In a statement, Sullivan said he was filled “with an intense sense of gratitude and thanksgiving” over learning that Newman would now be beatified.
“I have dedicated my vocation in praise of Cardinal Newman, who even now directs all my efforts,” Sullivan said in the statement, which was issued by Newman’s community, the Birmingham Oratory in Britain.
The Archdiocese of Boston, which investigated the cure and sent its findings onto the Vatican, said: “We are honored to have played some small part in this blessed announcement,” spokesman Terry Donilon said.
The Archbishop of Westminster, His Grace Vincent Nichols, who was instrumental in pushing the beatification cause forward, said Newman’s beatification would “help us greatly in the task of protecting the faith amidst the difficulties he foresaw so clearly.”
McFarland said Newman’s conversion was “the logical end to his exploration” into the origins of the church.
At the time, there was a sense of great loss within the Church of England, if not betrayal, that such a charismatic and brilliant figure had left for Rome. But as Anglican-Catholic relations improved over time “there has been a joint claim to his extraordinary life as being important to both of our churches,” she said.

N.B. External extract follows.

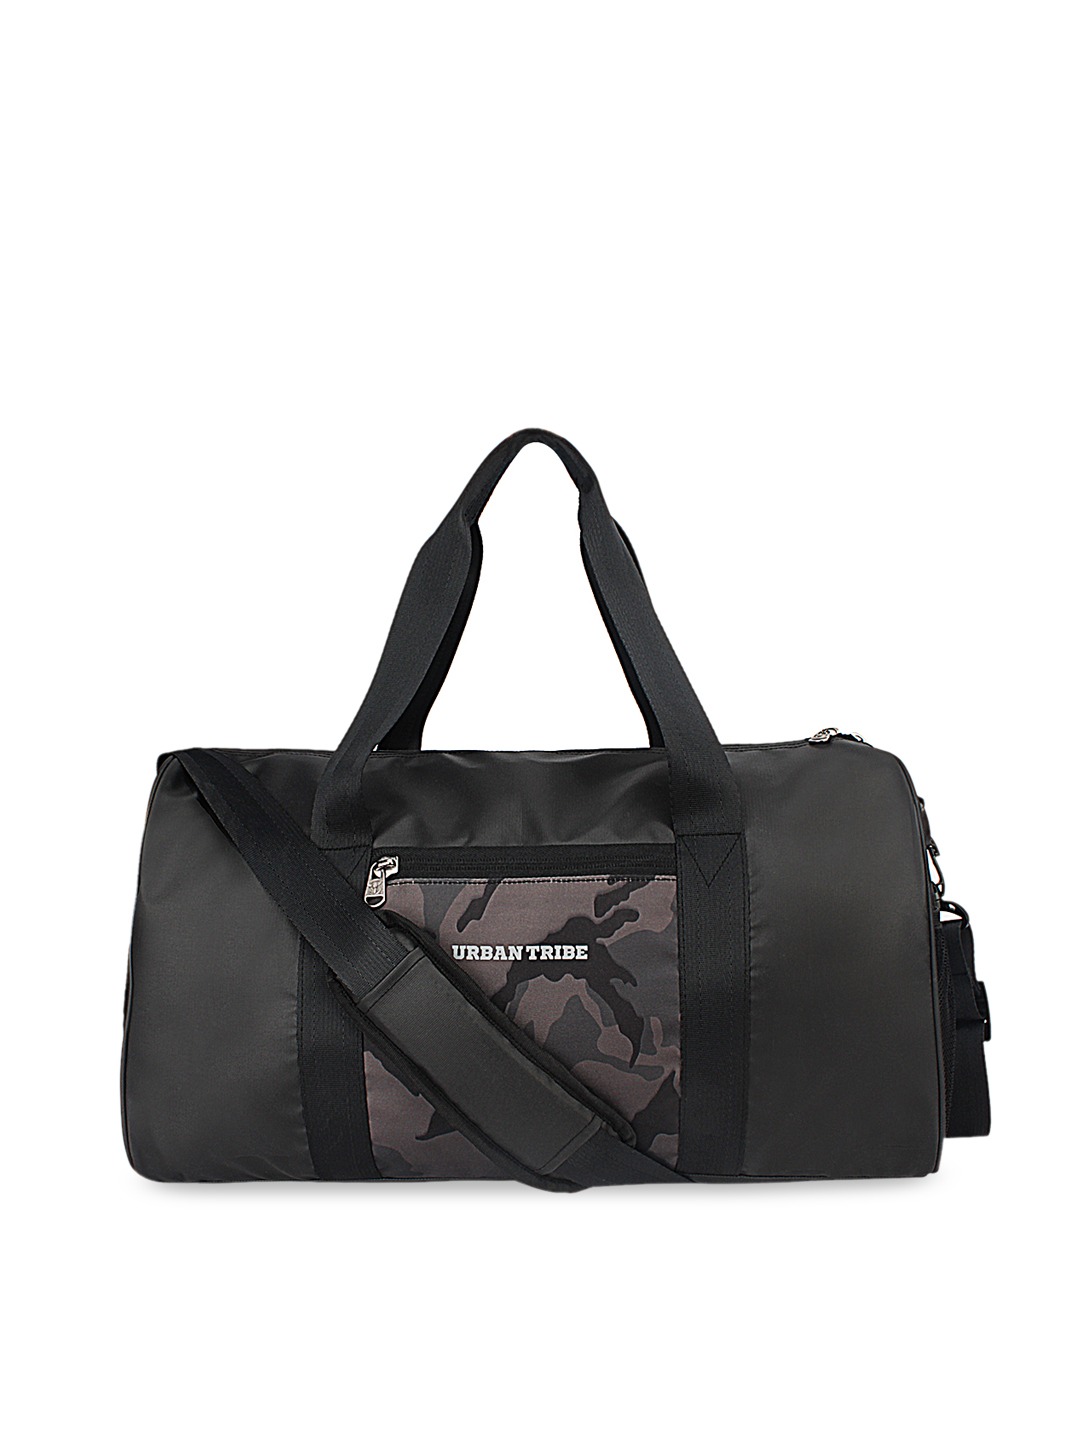 Accessories Duffel Bag | URBAN TRIBE Unisex Black Printed Duffel Bag - ZX74198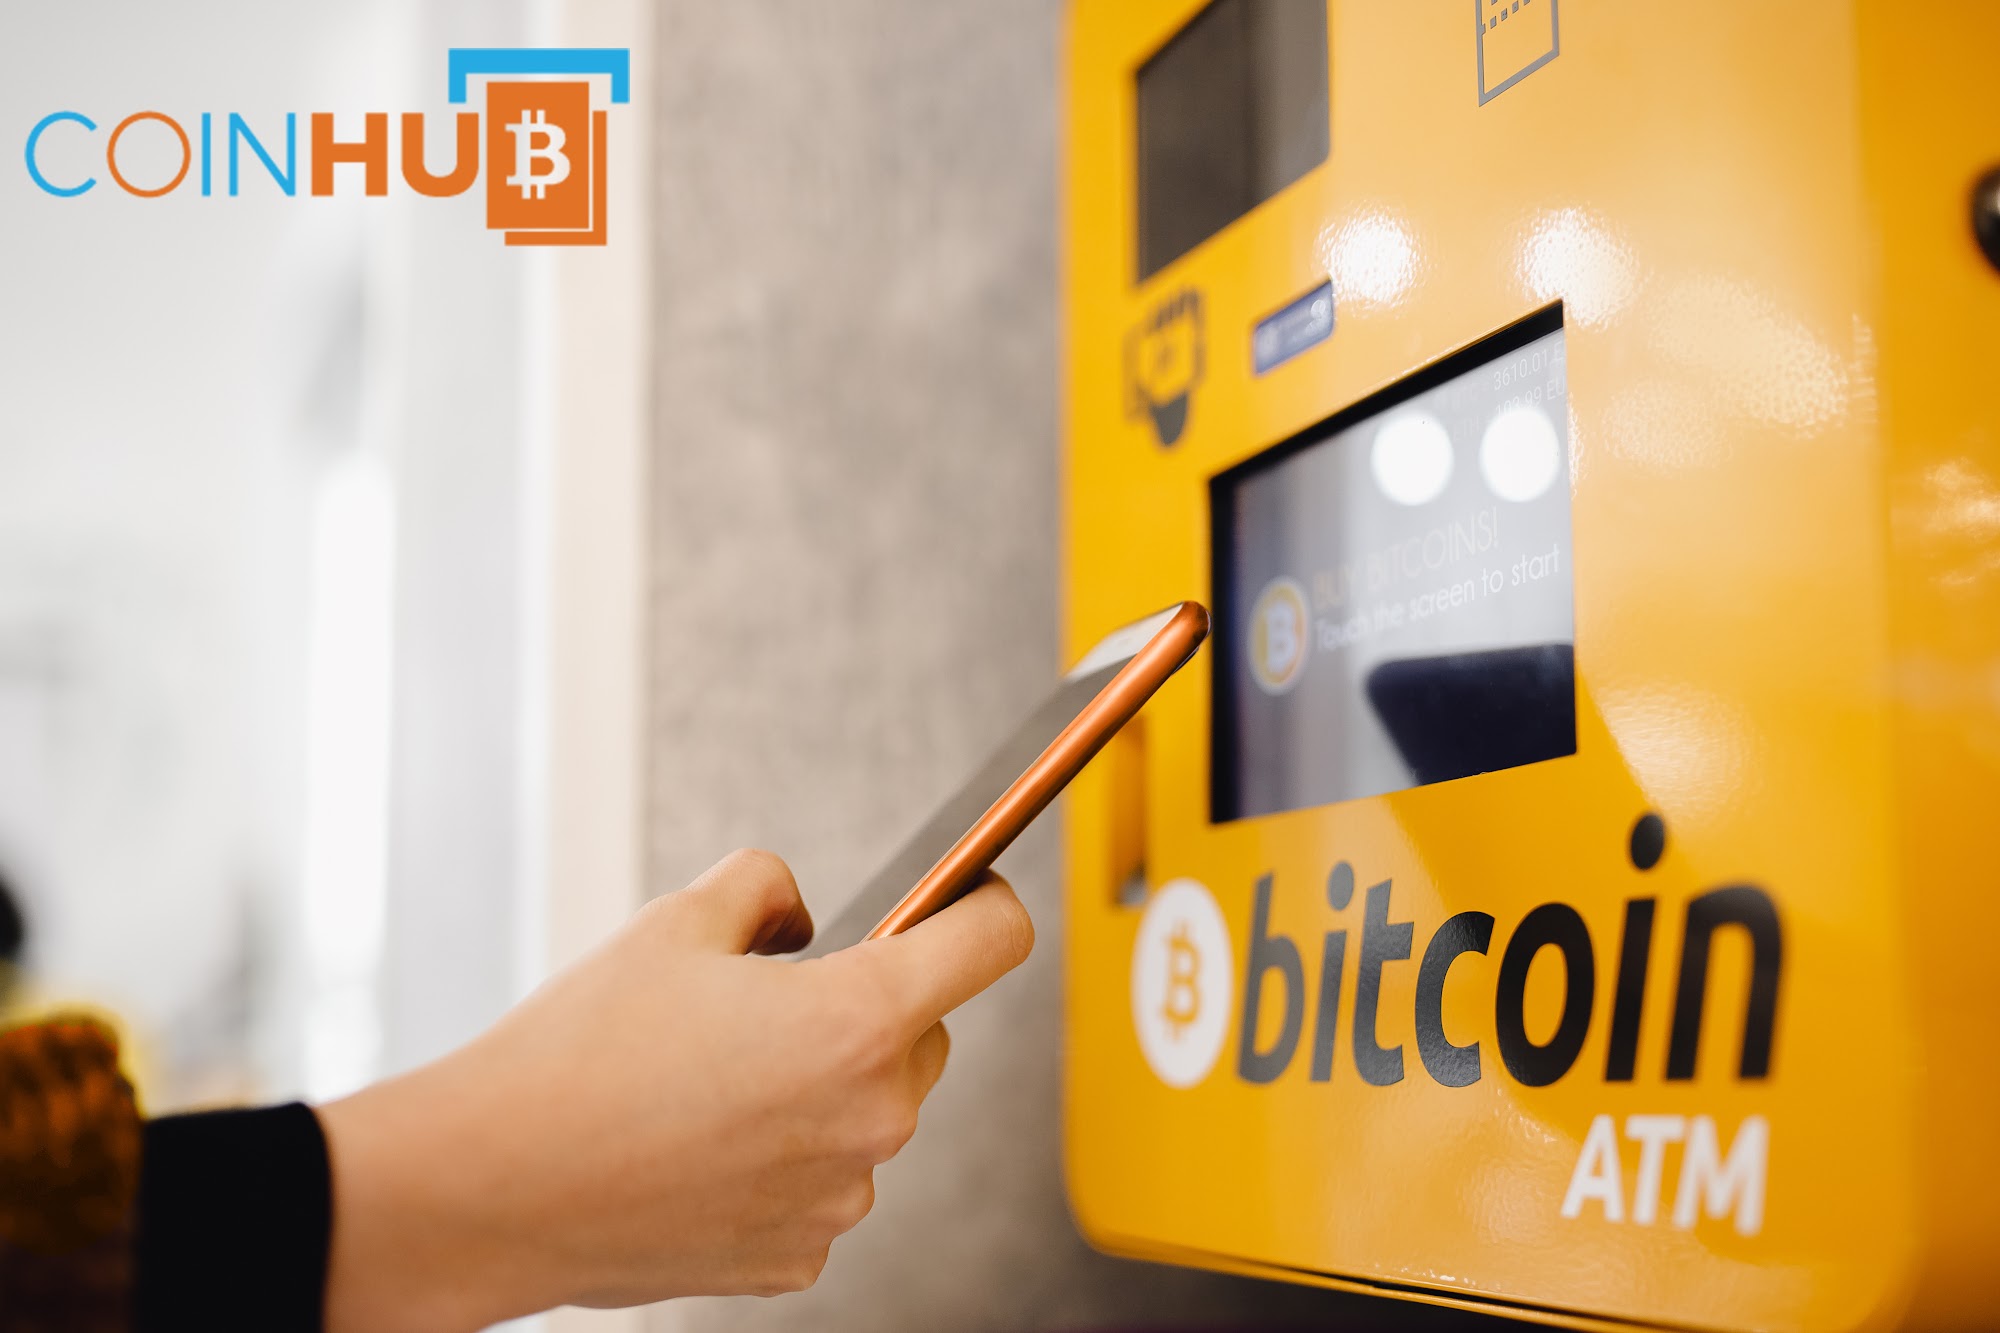 Bitcoin ATM Morristown - Coinhub

No date has been set for the beatification ceremony.
In addition to Newman, Benedict sent 11 other people along the path to possible sainthood Friday.
He confirmed that two Spanish priests were martyred during anti-Catholic persecution in Franco’s Spain the 1930s and that a German priest was killed for “hatred of the faith” in the Dachau concentration camp in 1942. He recognized the “heroic virtues” of another Dachau victim, the first step toward possible beatification.
According to the Vatican’s procedures, people who die as martyrs for the faith don’t need a miracle attributed to their intercession to be beatified. A miracle is needed to be canonized.